Abbas, however, has no intention of waging war on the very groups with whom he painstakingly negotiated the "hudna." His view of the path to peace is to slowly draw them into the Palestinian Authority, and commit them to the political agreements he negotiates with Israel. Israelis are not impressed, insisting that any further progress on the "roadmap" requires a Palestinian "war on terror," and that Israel won't make further concessions unless they see action. But Abbas refuses to launch a Palestinian civil war, and insists his way is actually working, bringing the calm that almost three years of Israeli military action failed to achieve. The Israelis say the "hudna" simply gives them breathing space to reorganize and rearm, and that without a crackdown the resumption of terror is inevitable.

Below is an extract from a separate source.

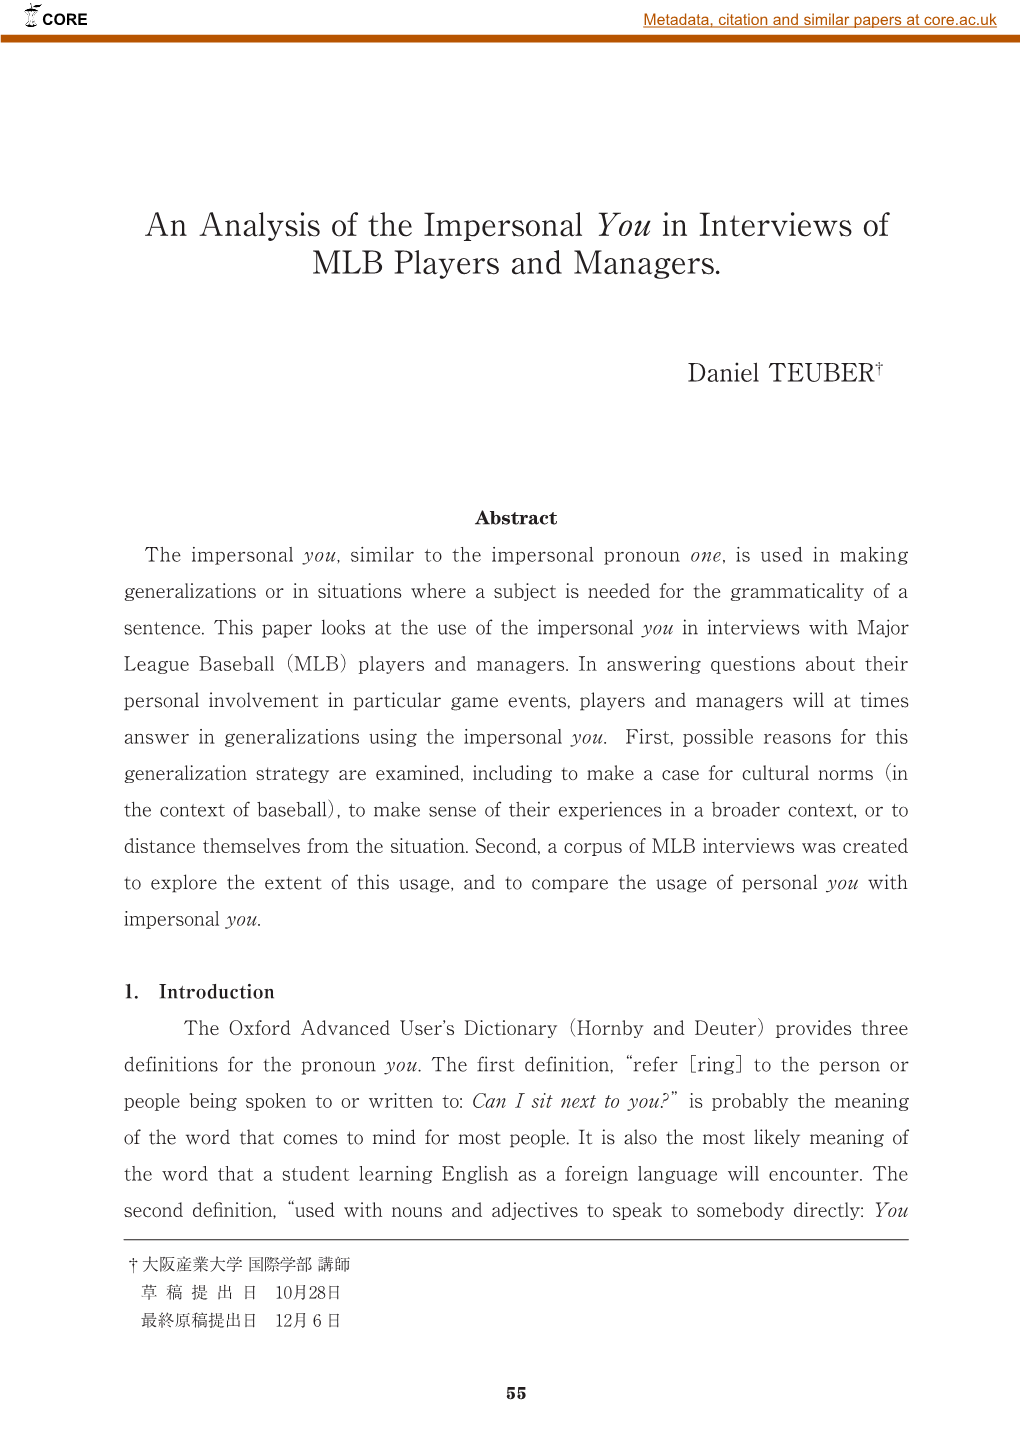 An Analysis of the Impersonal You in Interviews of MLB Players and Managers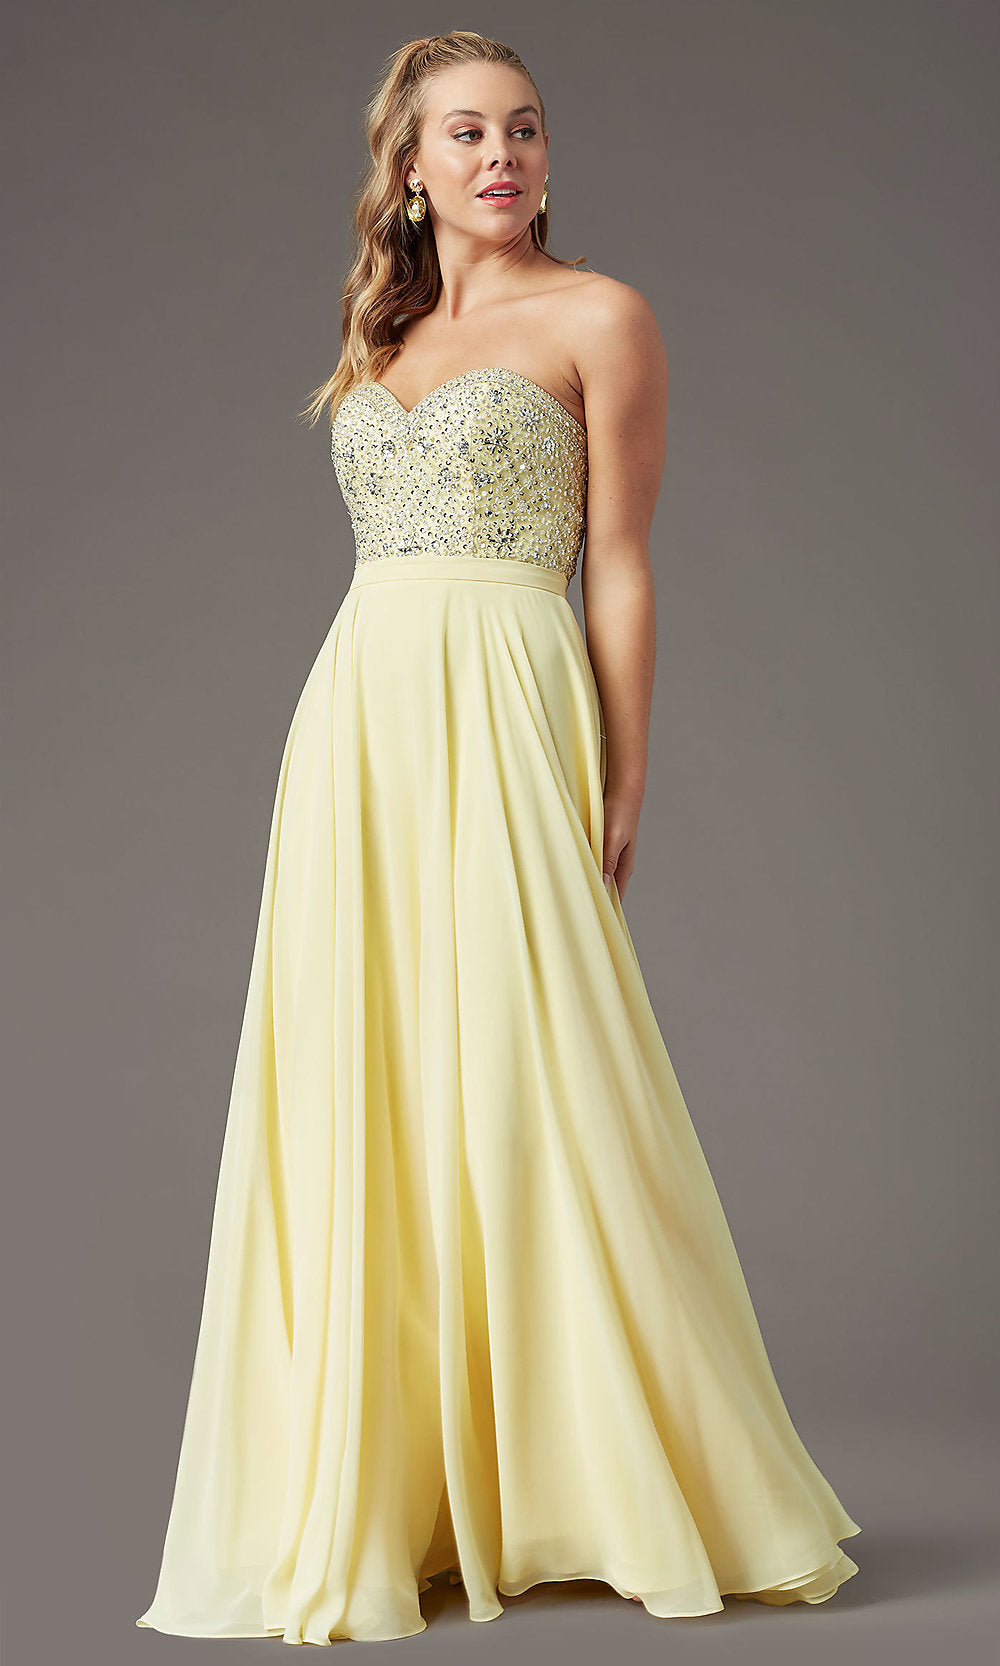 Daffodil Strapless Long Formal Prom Dress by PromGirl

The differences over how the Palestinians proceed on the security front appear to be intractable, at least to the extent that they're left up to the Israelis and Palestinians themselves to resolve. President Bush will now be forced to not only act as promoter and referee in the peace process, but as choreographer and ringmaster. And that's unlikely to be a comfortable role.

It's made even more difficult by the fact that while Sharon is the executive in charge of all Israeli actions, Abbas essentially functions as a mediator between the Americans and Israelis on the one hand, and the Palestinians with whom they refuse to talk on the other — Hamas, Islamic Jihad, the militants of Fatah and Yasser Arafat. He rules at Arafat's pleasure, and the only leverage Abbas has is to threaten to quit. He has repeatedly used that device in his clashes with Arafat, and he does the same in Washington, warning that unless the U.S. can squeeze more concessions out of Israel, he'll be out of the game.

U.S. and Israeli efforts to sideline Arafat have actually made his political life easier viz-a-viz the Prime Minister Washington would love to see eclipse the aging Palestinian leader. That's because despite the fanfare that accompanied the launch of the "roadmap" six weeks ago, there has been very little easing of the siege conditions under which ordinary Palestinians are living in the West Bank. And while Abbas is seen negotiating with the Israelis and offering concessions, ordinary West Bank Palestinians know that Arafat remains confined by the Israelis, sharing their fate. That may be why Abbas continues to implore Sharon — and will no doubt do the same to Bush — to restore Arafat's freedom of movement.

It's already clear that direct White House intervention is necessary to resolve every substantial step along the way, and the load is likely to get even heavier. Like President Clinton before him, President Bush may have already created the expectation among the Israelis (and soon, no doubt, among the Palestinians, too) that Washington will give them a hearing whenever they need one. But the onset of the Fall marks the beginning of the next U.S. presidential election season, which according to conventional wisdom is not a great time to be micromanaging a painfully tough and complex peace process. And that may be exactly where this is heading. After all, the Fall also brings the three-month "hudna" up for renewal.